If Energy can be converted into mass, why can it not be converted into charge? Probably a silly question, but something that came to mind yesterday. I couldn't find anything when searching.
Why is there an Energy mass equivalence principle but not an Energy charge equivalence principle? 
In other words, why do our field theories have a Gauge invariance which allow for charge conservation, but not mass conservation, or why is it that charge has escaped from being a term in the energy mass equivalence? Is it just because we have observed these to be the case and made our field theories around this, or because that's just how the mathematics works out?
 A: You're making some category errors in the question. Energy can't be converted into mass, mass is a form that energy can take. In other words, when energy is "converted" into mass it never stops being energy. It's kind of like if I have a mass on a spring hanging vertically in a gravitational field, and I make it start bouncing. The energy moves back and forth from kinetic energy to the gravitational and spring stretch potential energies, and back. At no point in this process do any of these quantities not qualify as "energy". Mass, likewise, is just another way energy can be stored. If you study quantum field theory, you'll even learn that mass is one of the types of potential energies a field can store.
Charge, on the other hand, is about how a particle couples to a force.

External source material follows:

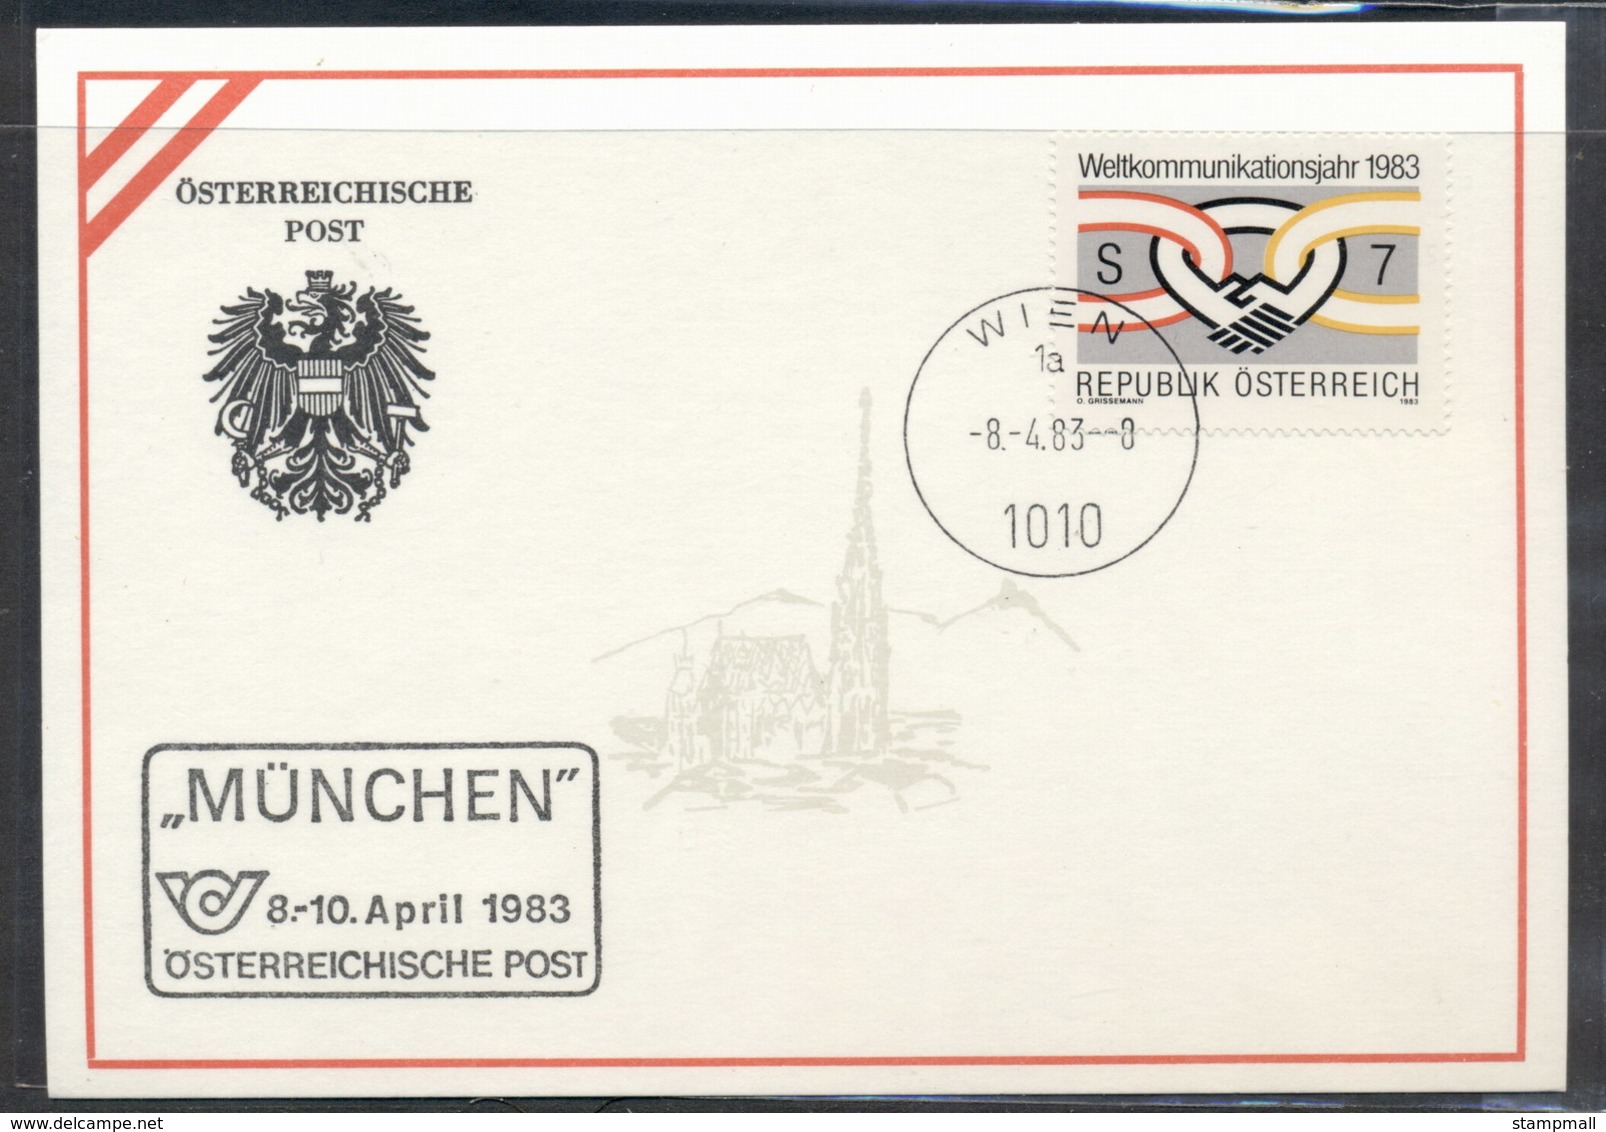 Austria 1983 World Communications Year, Munchen Souvenir Card - FDC

That gravity couples to mass is simply an observational fact that didn't, necessarily, have to be the case. When that distinction is being made physicists will refer to gravitational mass versus inertial mass. One of the strongest arguments for general relativity is the observed fact that gravity doesn't just couple to mass, it couples directly to energy/momentum in a way that is consistent with Einstein's equations. See: the gravitational lensing (observed many times by gravity from galaxies, galaxy clusters, microlensing, and even stars near the sun during a solar eclipse), gravitational redshift (observed frequency shift of light directed upward), etc.
Charge, on the other hand, is how various fermion fields, like the electron, up, and down fields, couple to the electro-magnetic field.
Note that total energy is conserved, so that which the gravitational field couples to is just as conserved as electric charge.
A: Both electric and color charge conservation has always been observed, whereas mass energy is observed to be interchangeable with other types of energy. While there are positive & negative electric charges, and color & anticolor charges, there are no negative masses or negative kinetic energies. Physics equations and theories need to reflect these observations.
A: I believe that this question is still valid through logical deductions because of the fact that charge can be converted to energy using the following equations:
$$E = mc^2$$
$$V = \frac{E}{Q}$$
Therefore according to current physical knowledge, the following should be applied:
$V = \frac{mc^2}{Q}$
Where the variables symbolize the following values:


*

*$E$ = Energy

*$V$ = Voltage

*$Q$ = Charge

*$c$ = the relative speed of light


I think of it like this, atoms can be ionized, isotopes can decay and other reactions can occur that make atoms release mass from their containing field. This process reduces the mass of that field and causes the release of the energies binding that mass to the field and remove the charge from the field as the mass carries charge with it (either negative, neutral or positive) when being emitted. Using this knowledge we have learned to harness some of those energies directly with current technologies such as batteries.